Yes there are so types that can get as low as 1.08 but generally the batteries have a constant of 1.2 or higher. I did use the word typically.

BTW I did find that paper (https://www.slideshare.net/componer/a-critical-review-of-using-the-peukert-equation-for-determining-the-remaining-capacity-of-lead-acid-and-lithium-ion-batteries) and they tested the batteries down to their cutoff voltage so it was not surprising that the capacities are similar with the different discharge rates. However they did say that they suspected that if the li ion battery had been kept at the same temperature as the low discharge i.e. keep it at 25C instead of 50C, they expected the capacity for the higher discharge to be less. This then raises the question of if it is good for cycle life etc to allow this. If cooling is then used, a capacity reduction when discharging heavier is to be expected.


On 16/03/2019 11:40, paul dove via EV wrote:
That’s not what the spec sheet says. You are reading the graph for temperature 
variations. There is almost no difference due to discharge rates. 2C is 3250 
and 0.5C is 3350 according to your spec sheet.

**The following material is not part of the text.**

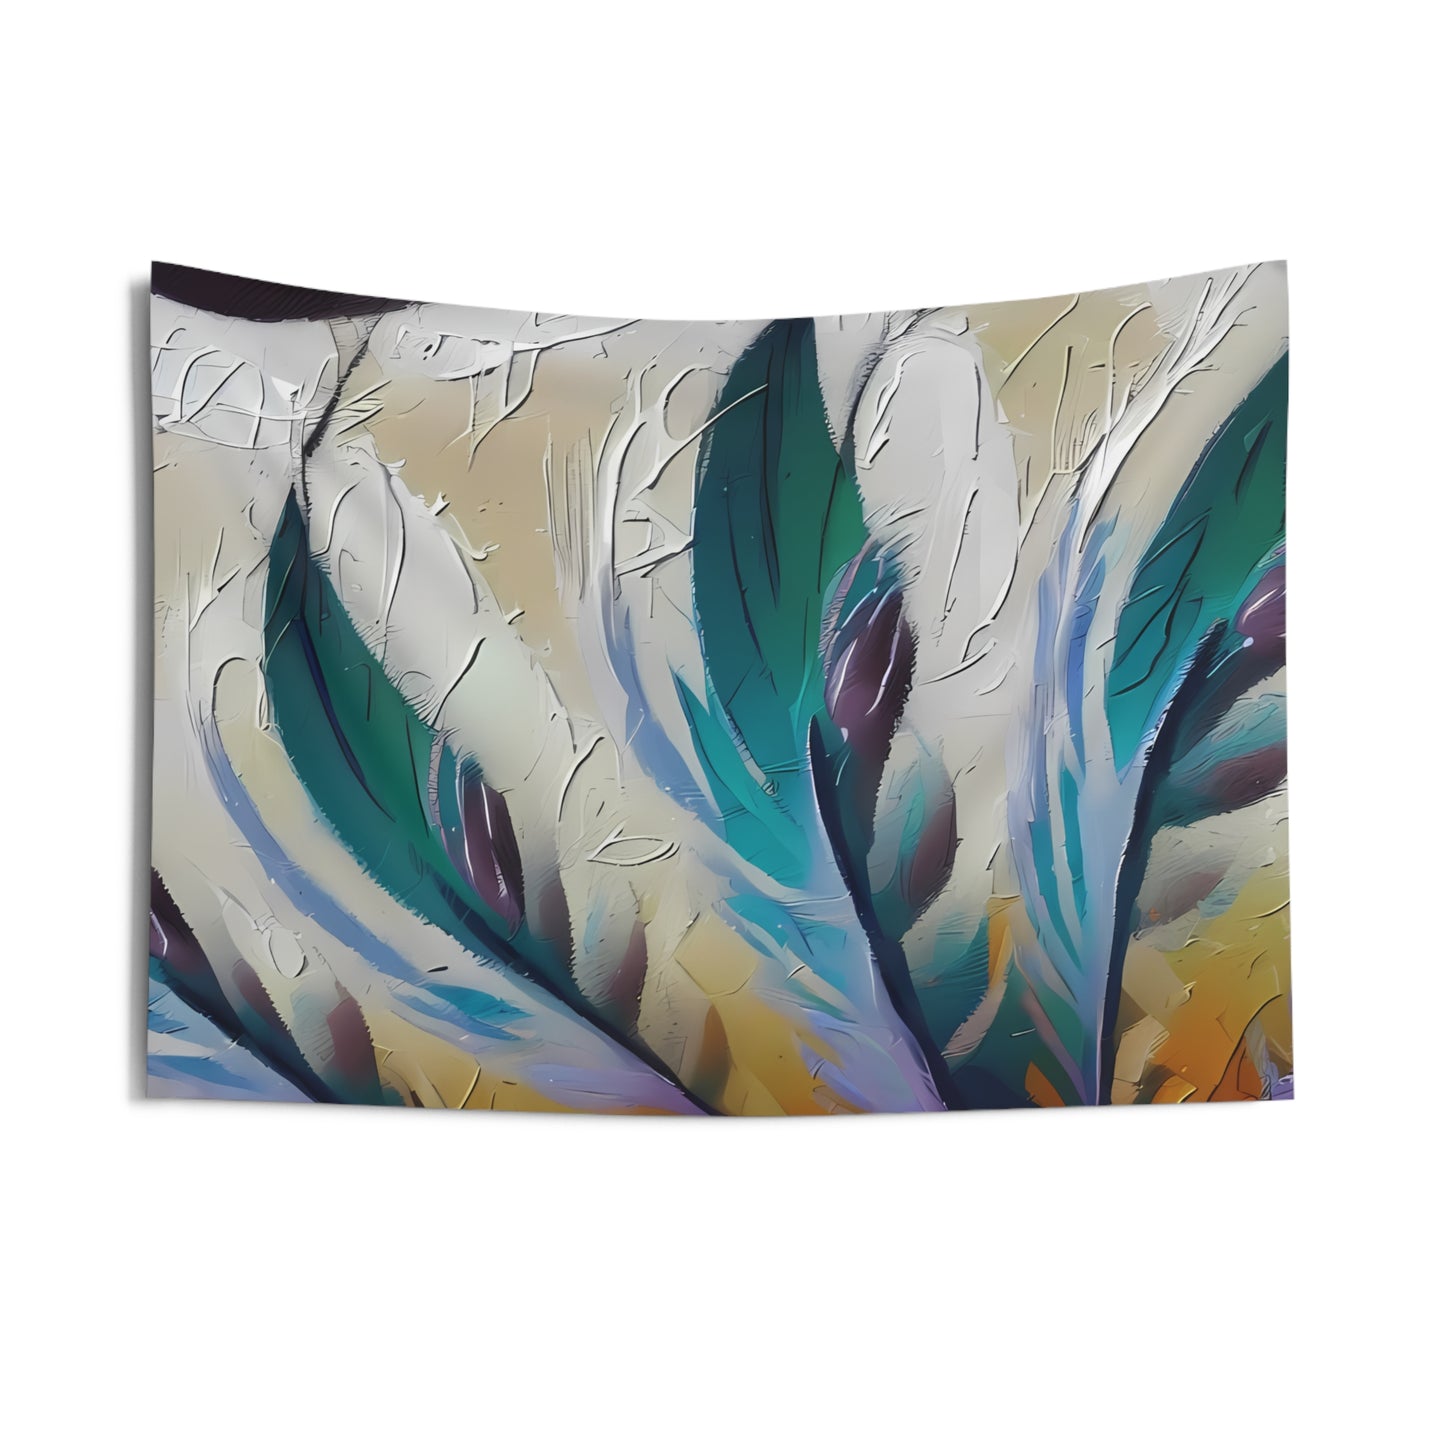 Creative Indoor Dreamcatcher Wall Art Tapestries - Dreamcatcher - Wall Decoration Gift Items
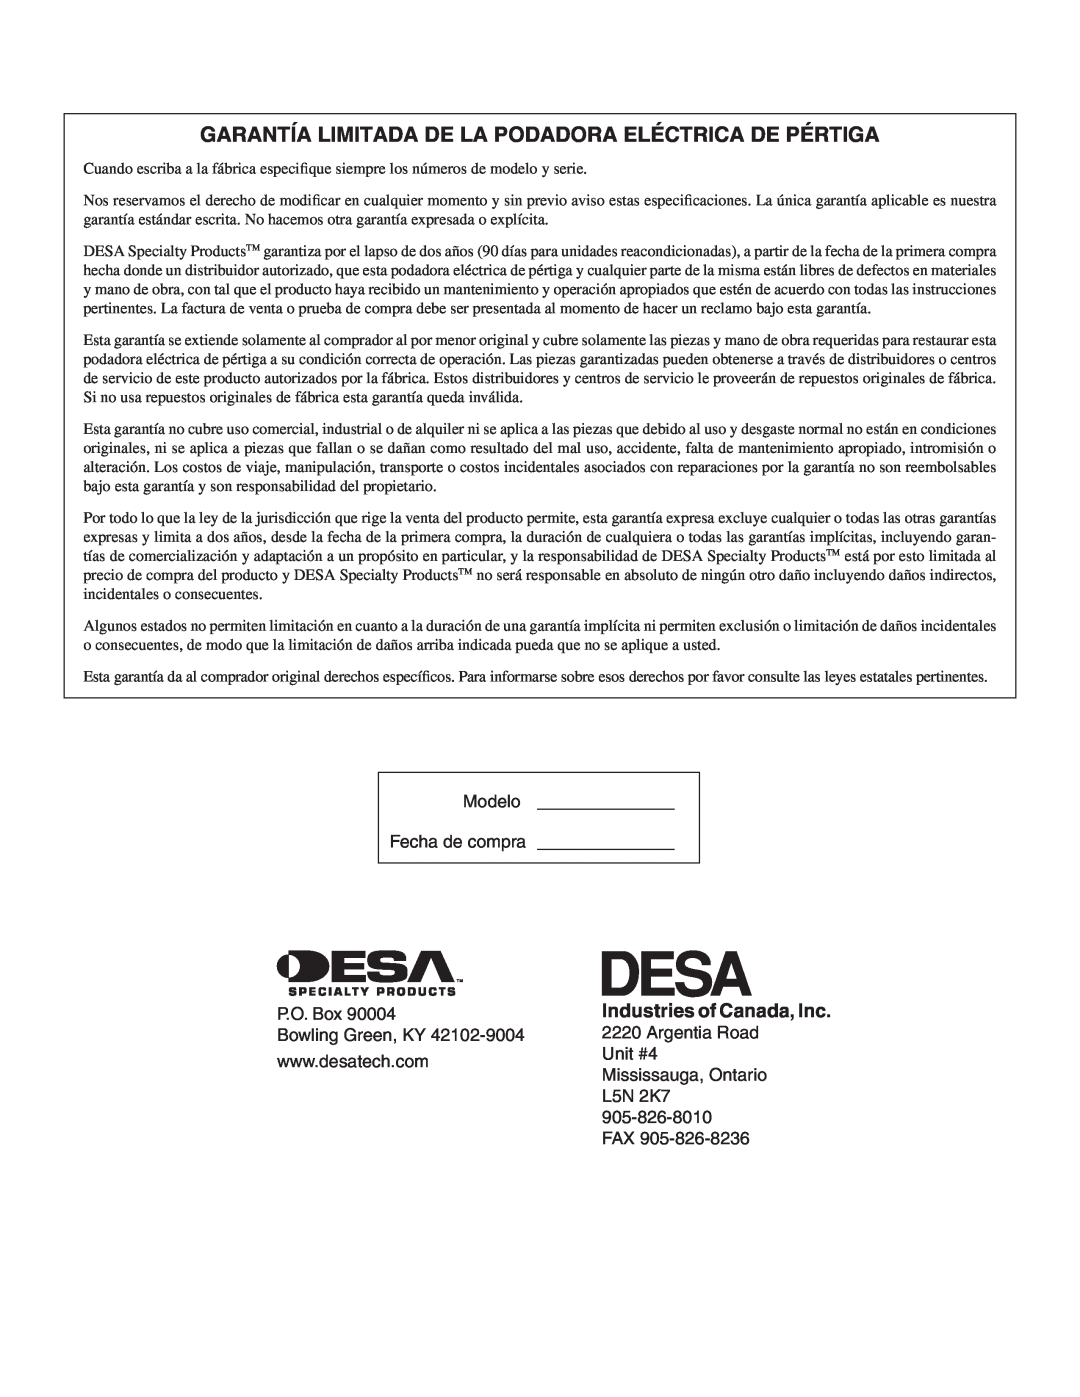 Desa 110946-01A owner manual Garantía Limitada De La Podadora Eléctrica De Pértiga, Industries of Canada, Inc

And lead acid batteries have a Puekert coefficient as low as 1.08.

Sent from my iPhone

On Mar 15, 2019, at 9:14 AM, Steve Heath via EV <ev@lists.evdl.org> wrote:

Peukert's law is not an actual law but an empirical formula that is based on 
actual physical measurements. It gives an approximate estimate of how much 
capacity can be obtained. The way that it is used is that the capacity is 
measured at different discharge rates to give a co-efficient that can then be 
applied to other batteries.  This is where the difficulty lies. The coefficient 
is taken by measurement and providing another battery is the same then the 
coefficient is applicable. If not and it isn't.

The key point is that the discharge curves for li ion batteries do vary significantly 
depending on the load in real life according to the manufacturer data.  At the 0% soc end 
point, the capacities are the same (give or take). This is why the Peukerts coefficient 
is close to 1 rather than 1.2 or higher for a lead acid battery. Hence the comment that 
it is not applicable. It is there but very small to be accurate.  However at a typical 
self preservation point e.g   cutoff voltage used by BMS, the capacities are different. 
As a result, there is a "Peukerts" effect where the amount of capacity that can 
be obtained is different depending on the discharge current. It is not the same Peukerts 
effect but the end result is the same. Discharge more, less capacity...

The data sheet for a Panasonic 18650 shows this effect very well ( 
https://www.batteryspace.com/prod-specs/NCR18650B.pdf ) where a cut off voltage 
of 3v gives a capacity of 2400mAh at 2c and 3300 mAh  at 0.2C .  At the 0% soc 
point they all come out at 3300 and 3400. So discharging to 0% soc, the 
discharge current is more or less irrelevant. Interestingly these results are 
taken at constant cell temperature where any overheating advantage is not 
applicable. Without seeing the complete paper that was referred to, it is 
difficult to know if any comparison with manufacturer data was made or whether 
tests were done at constant temperature and what the results were.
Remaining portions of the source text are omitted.